Friday, February 9, 2024
Eleventh Circuit Finds No Error in judge Directing Jurors to Resolve a "Metaphysically Impossible" Verdict
Sometimes a jury renders an inconsistent verdict. For example, in the recent case, United States v. Gatlin, 90 F.4th 1050 (11th Cir. 2024), "the jury initially returned a verdict finding Gatlin guilty of sex trafficking a minor but, on the special interrogatory, failed to find either of the conditions that could support such a verdict." In response, "[r]ather than resolve this inconsistency on its own one way or the other, the district court clarified the instructions for the jury and directed them to continue deliberating."
So, was this proper?
On appeal, the Eleventh Circuit noted that
The dilemma we face here is nearly identical to the one addressed by then-Judge Gorsuch sitting on the Tenth Circuit in United States v. Shippley, 690 F.3d 1192 (10th Cir. 2012). In Shippley, the defendant was charged with conspiracy relating to a scheme to traffic “considerable amounts of high quality cocaine.”...The jury was issued two documents to fill out: a general verdict form and a set of special interrogatories asking which drug kinds and quantities were involved....At the conclusion of the trial, “the jury returned with a guilty verdict on the general verdict form, [but] it answered ‘no’ to each of the special interrogatories, indicating that Mr. Shippley conspired to distribute none of the drugs at issue in the case.”...The district court was “[p]erplexed,” “sought advice from counsel,” and then, after reinstructing the jury, asked them to “deliberate again.” Id. “[F]urther deliberations quickly yielded an unambiguous guilty verdict.”...The defendant appealed, asserting that the district court's direction to the jury to keep deliberating violated Powell....
The Tenth Circuit ultimately rejected the defendant's Powell argument. Initially, then-Judge Gorsuch distinguished Powell on its face, saying that “nothing in Powell...speaks to the propriety of ordering further deliberations in the face of inconsistent verdicts against the same defendant on the same count”; rather, it “simply hold[s] the district court was allowed to enter a guilty verdict on one count despite a logically inconsistent verdict on another.”...Then-Judge Gorsuch stated:
Even accepting for argument's sake Mr. Shippley's premise that Powell...implicitly require[s] (rather than permit[s], as [it] hold[s]) a district court to accept a verdict logically inconsistent as between counts or defendants, that still does not speak to our case. In our case, it wasn't just logically incongruous to enter the jury's verdict, it was metaphysically impossible. Powell...involved logical inconsistencies between counts .... However illogical, the verdicts ... could be given full effect. This case, by contrast, involves an inconsistency on the same count with the same defendant—an inconsistency that simply could not have been given full effect. Something had to give in our case that didn't have to give in [Powell]. To enter an acquittal, the district court would have needed to disregard the fact that the jury expressly found Mr. Shippley guilty. To enter a guilty verdict, the court would have needed to overlook the special verdict findings that Mr. Shippley did not conspire to distribute any of the drugs at issue in the case. And nothing in Powell...speaks either explicitly or implicitly about what a court's to do in these circumstances, let alone suggests the district court committed an error of constitutional magnitude (or otherwise) in proceeding as it did in this case.

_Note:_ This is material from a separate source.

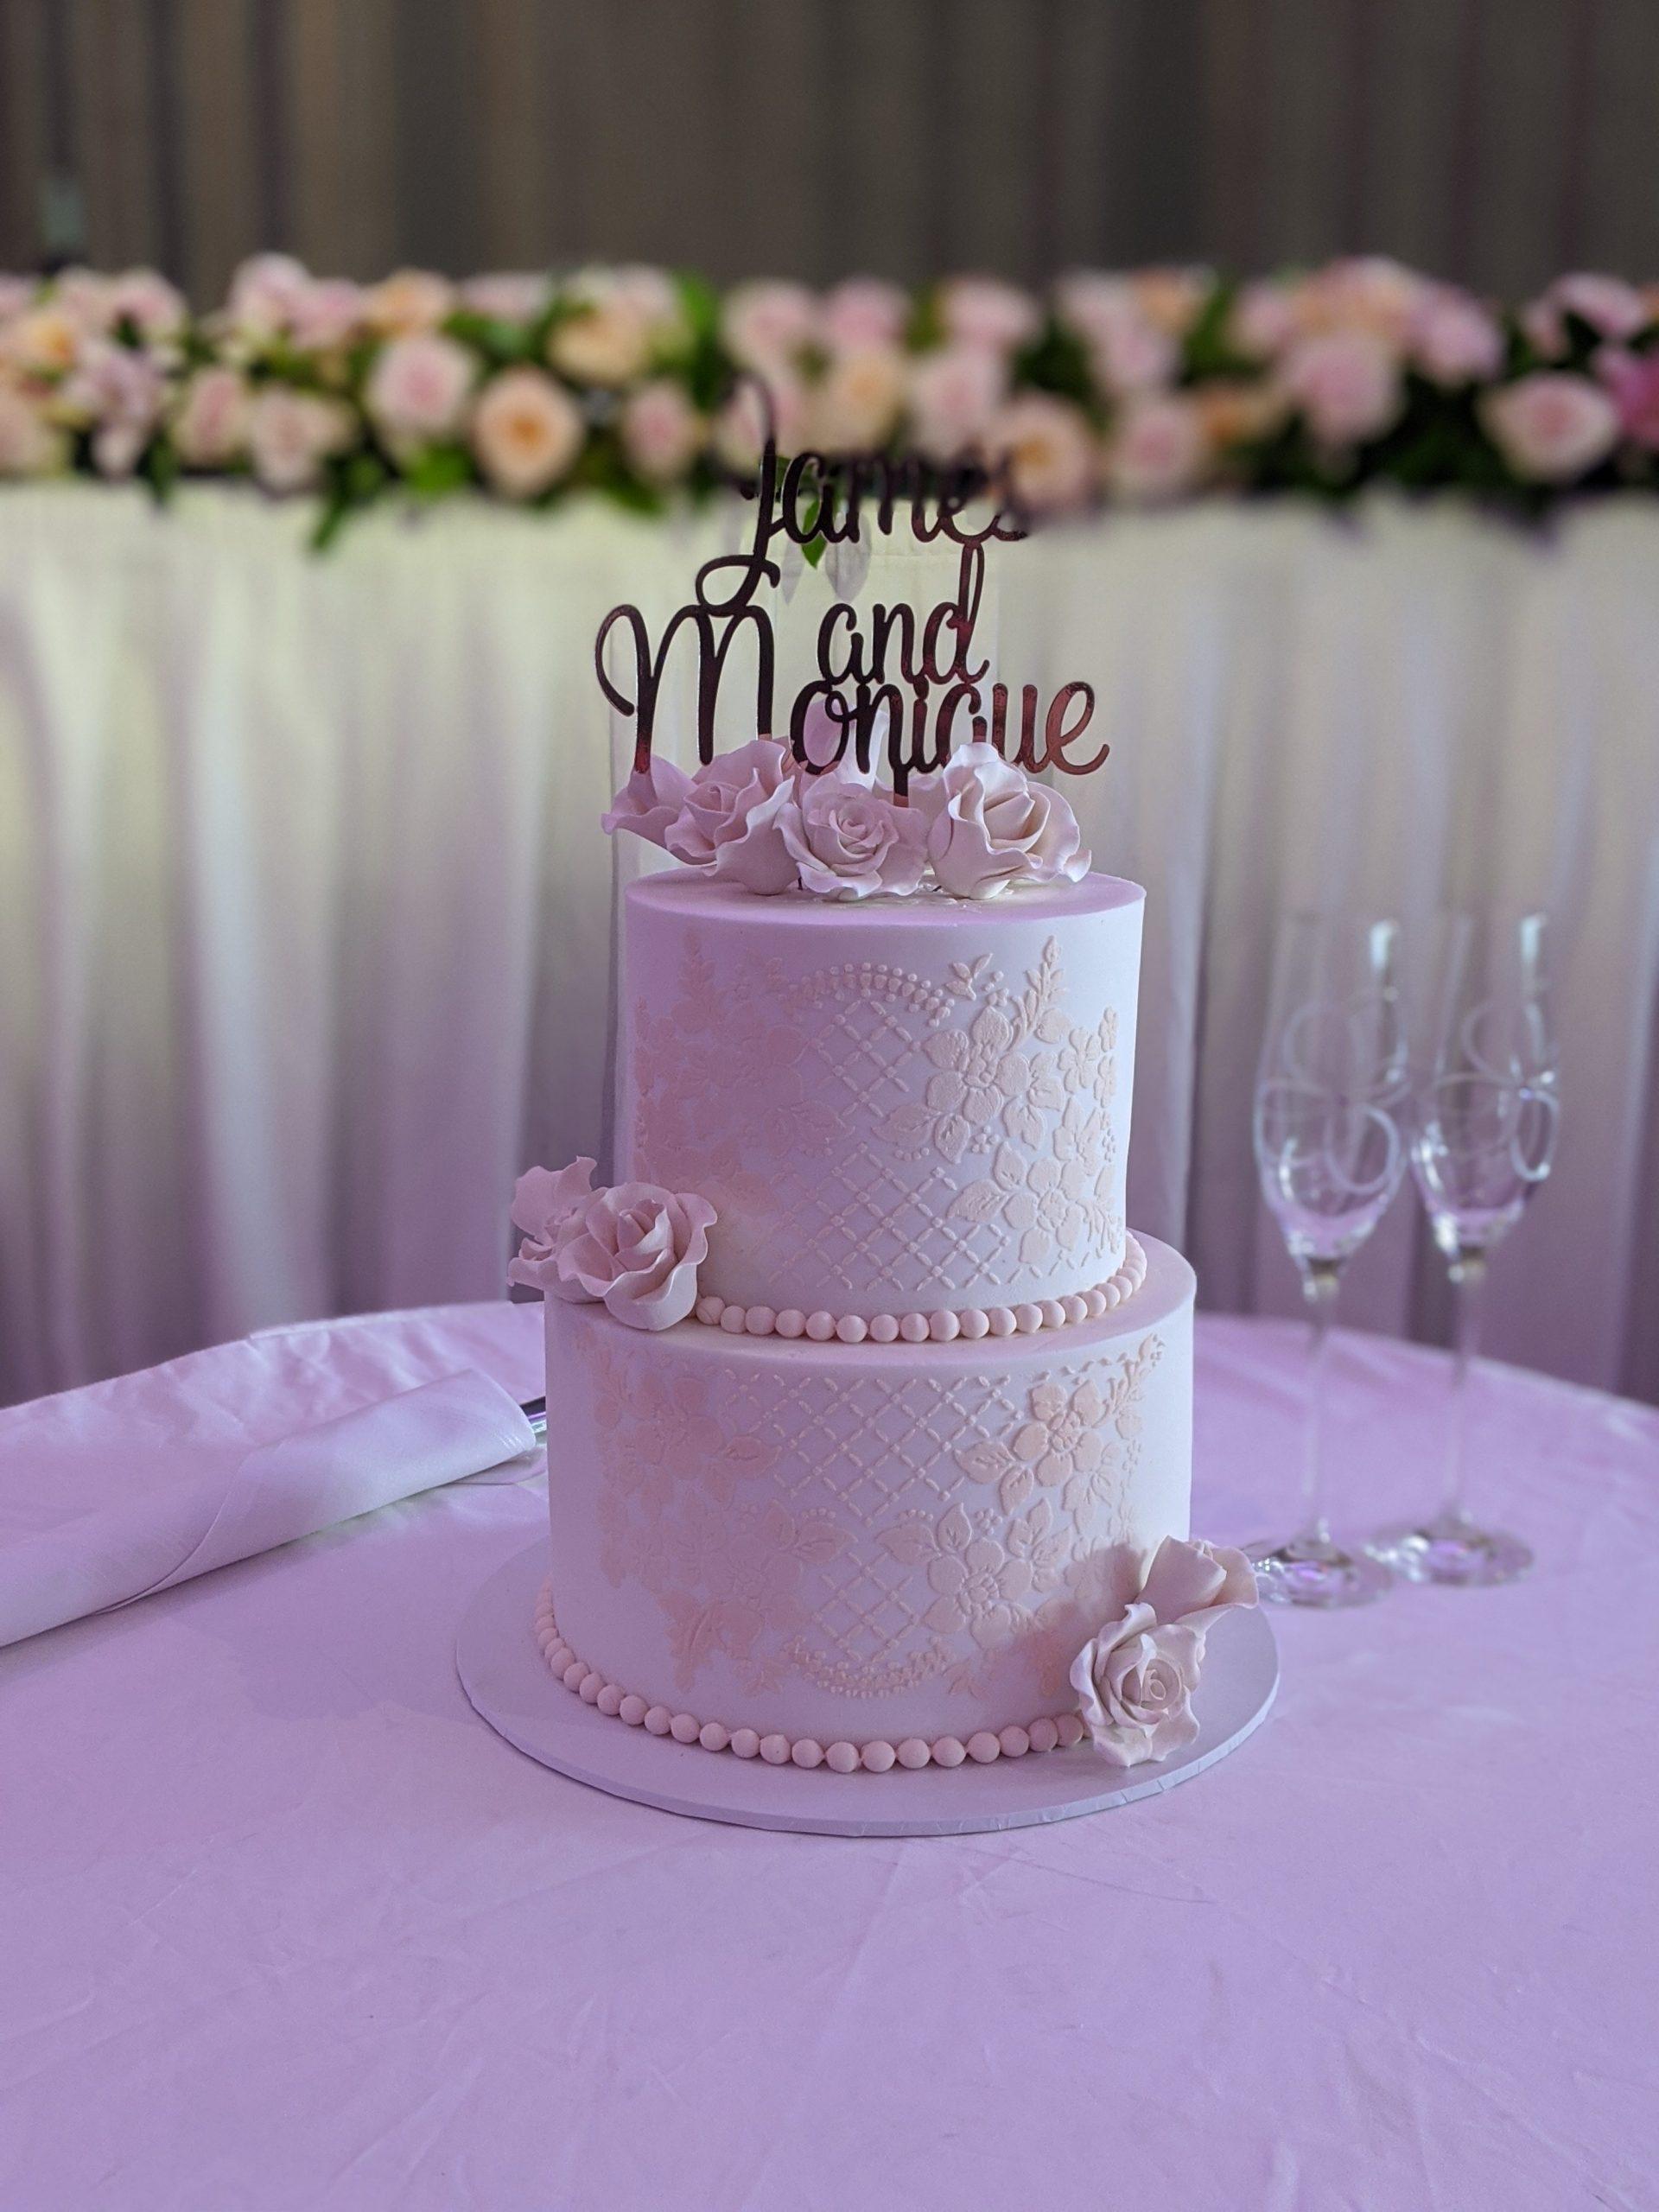 2 tier fondant cake. fondant wedding cake. sydney wedding cake
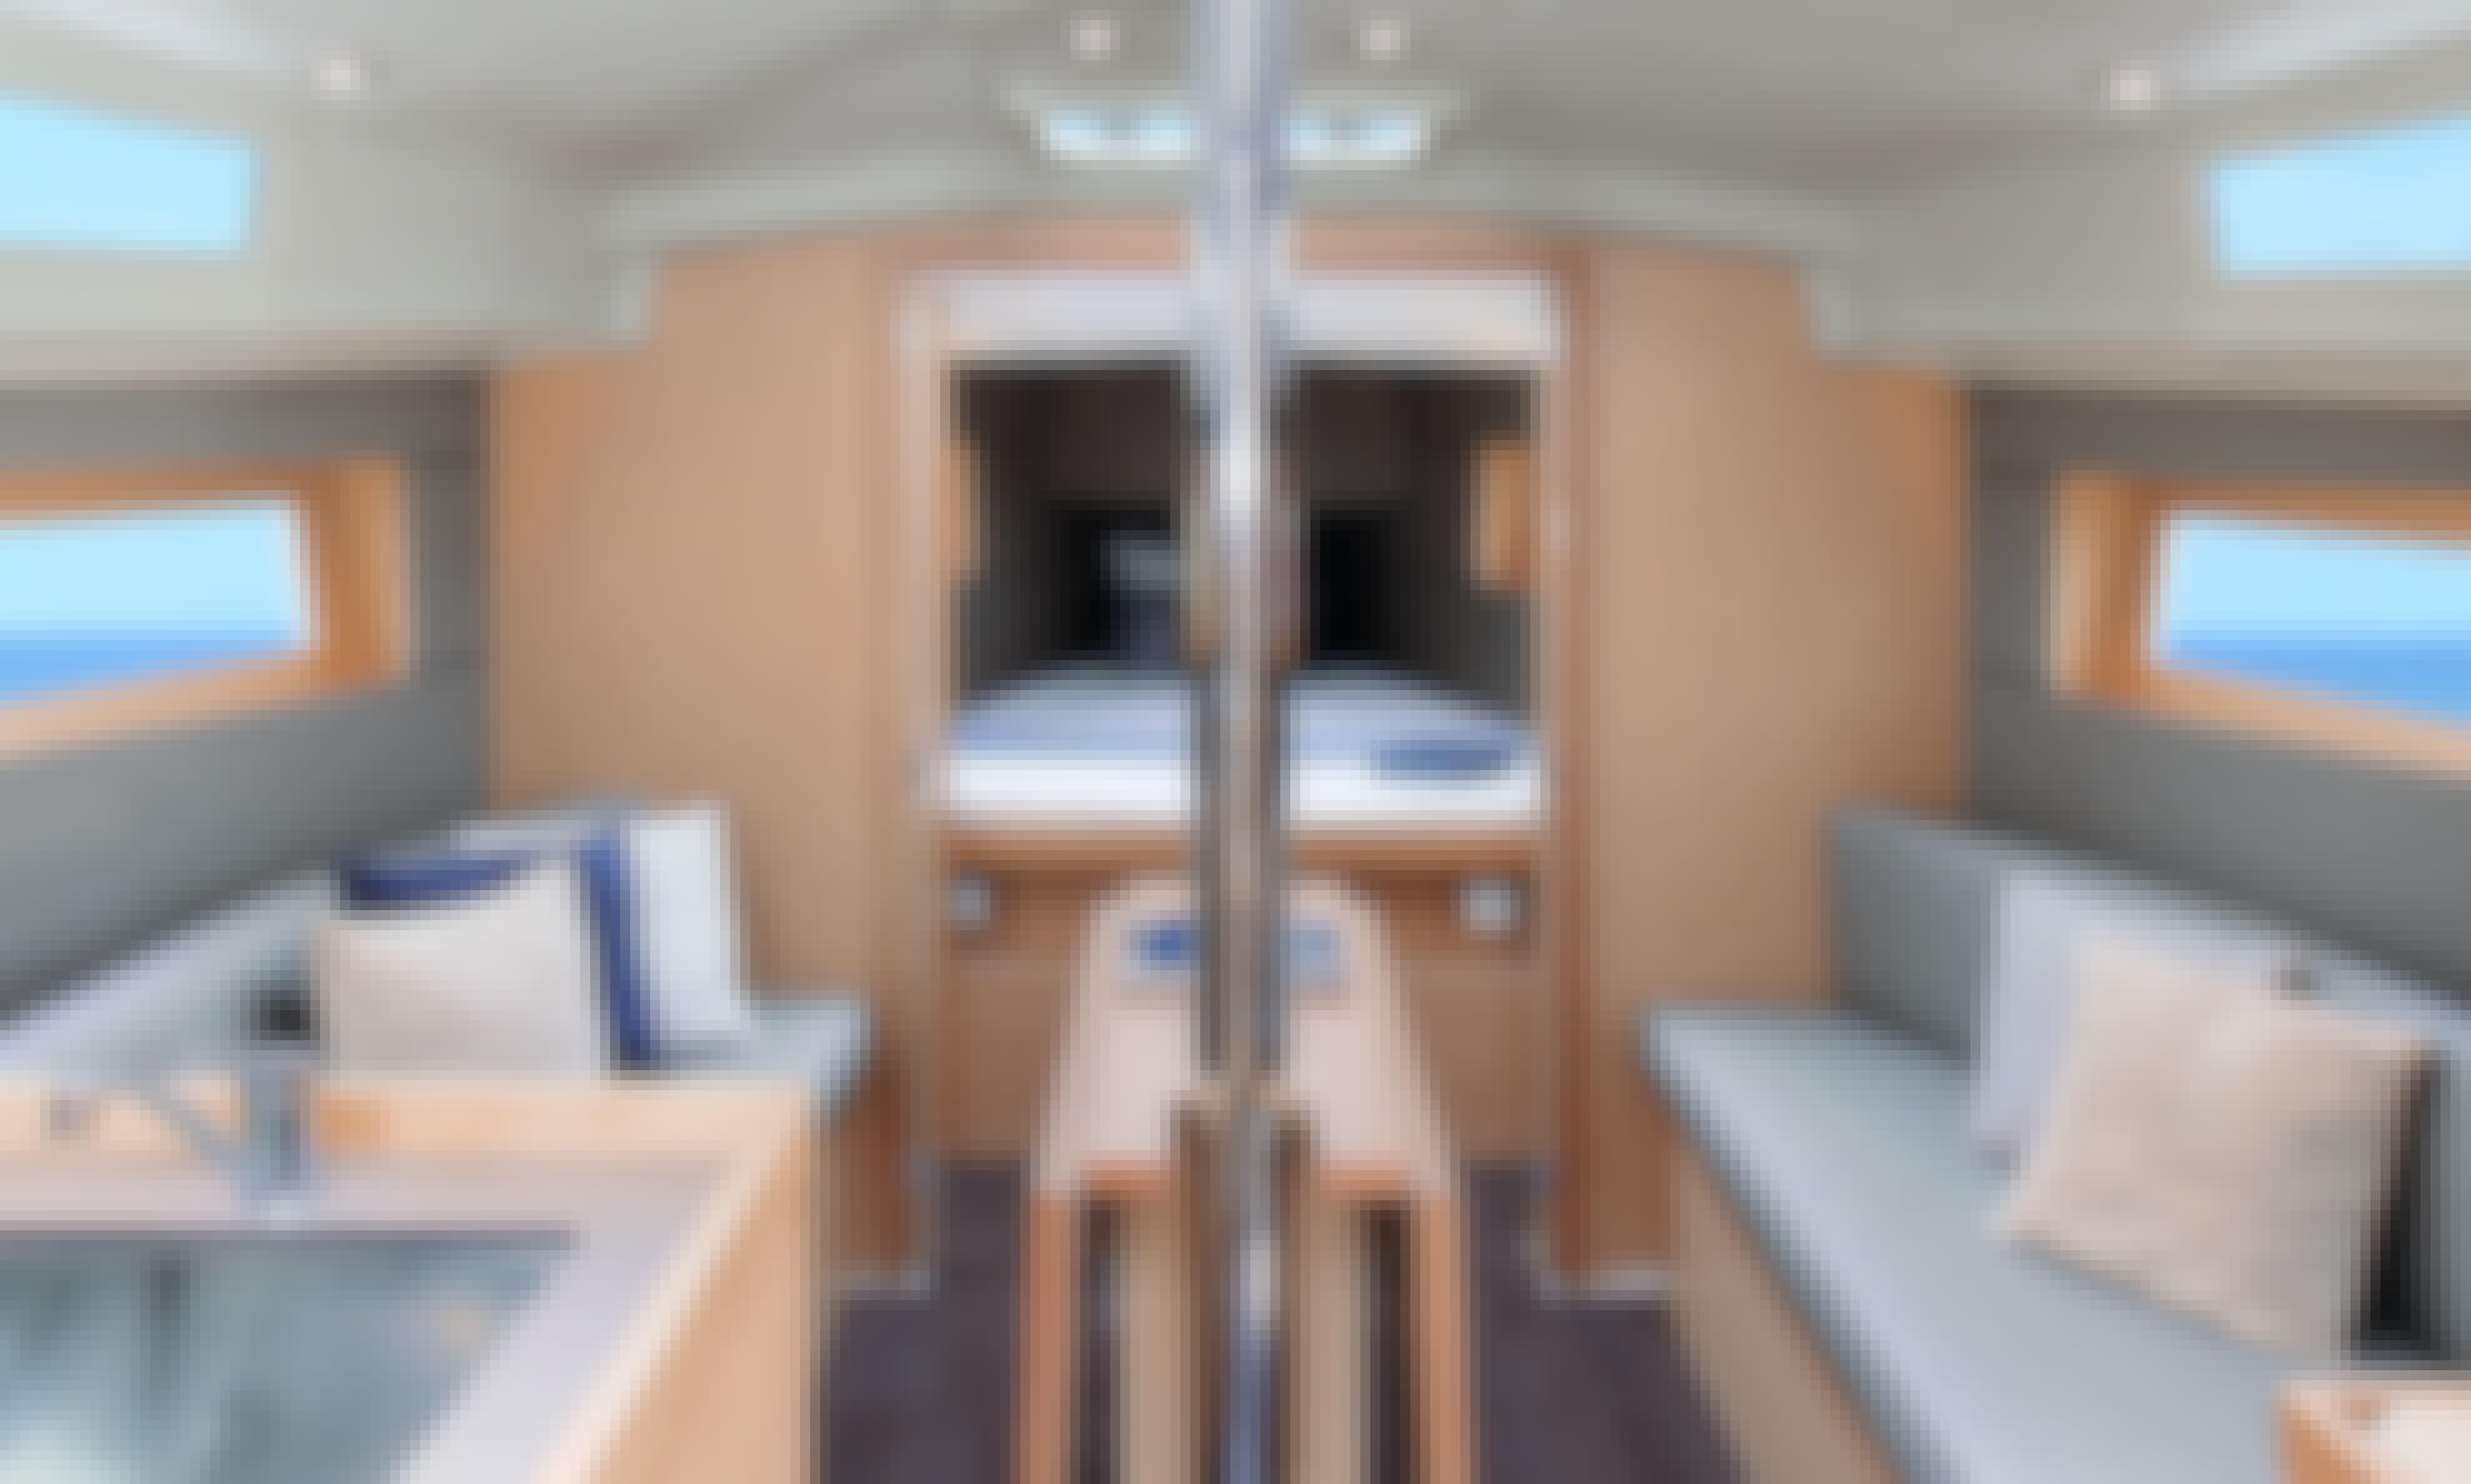 Enjoy the brand new Beneteau Oceanis 30.1 (2020) Sailboat in Barcelona, Spain!

Applying this analysis to the case at hand, the Eleventh Circuit concluded that
We are persuaded by then-Judge Gorsuch's reasoning in Shippley that directing the jury to continue deliberations under these circumstances was not error. Here, the district court had not accepted the jury's verdict and, as a result, the verdict was not final....Gatlin asked the district court to enter a judgment of acquittal because the jury did not answer affirmatively either of the special interrogatories that would allow a guilty verdict. But doing so would have required the district court to overlook the jury's unanimous finding of guilt as to Count 1 on the general verdict form. And the inverse—simply accepting the general finding of guilt—was equally untenable. Here, as in Shippley, “it was metaphysically impossible” to give effect to the jury's verdict.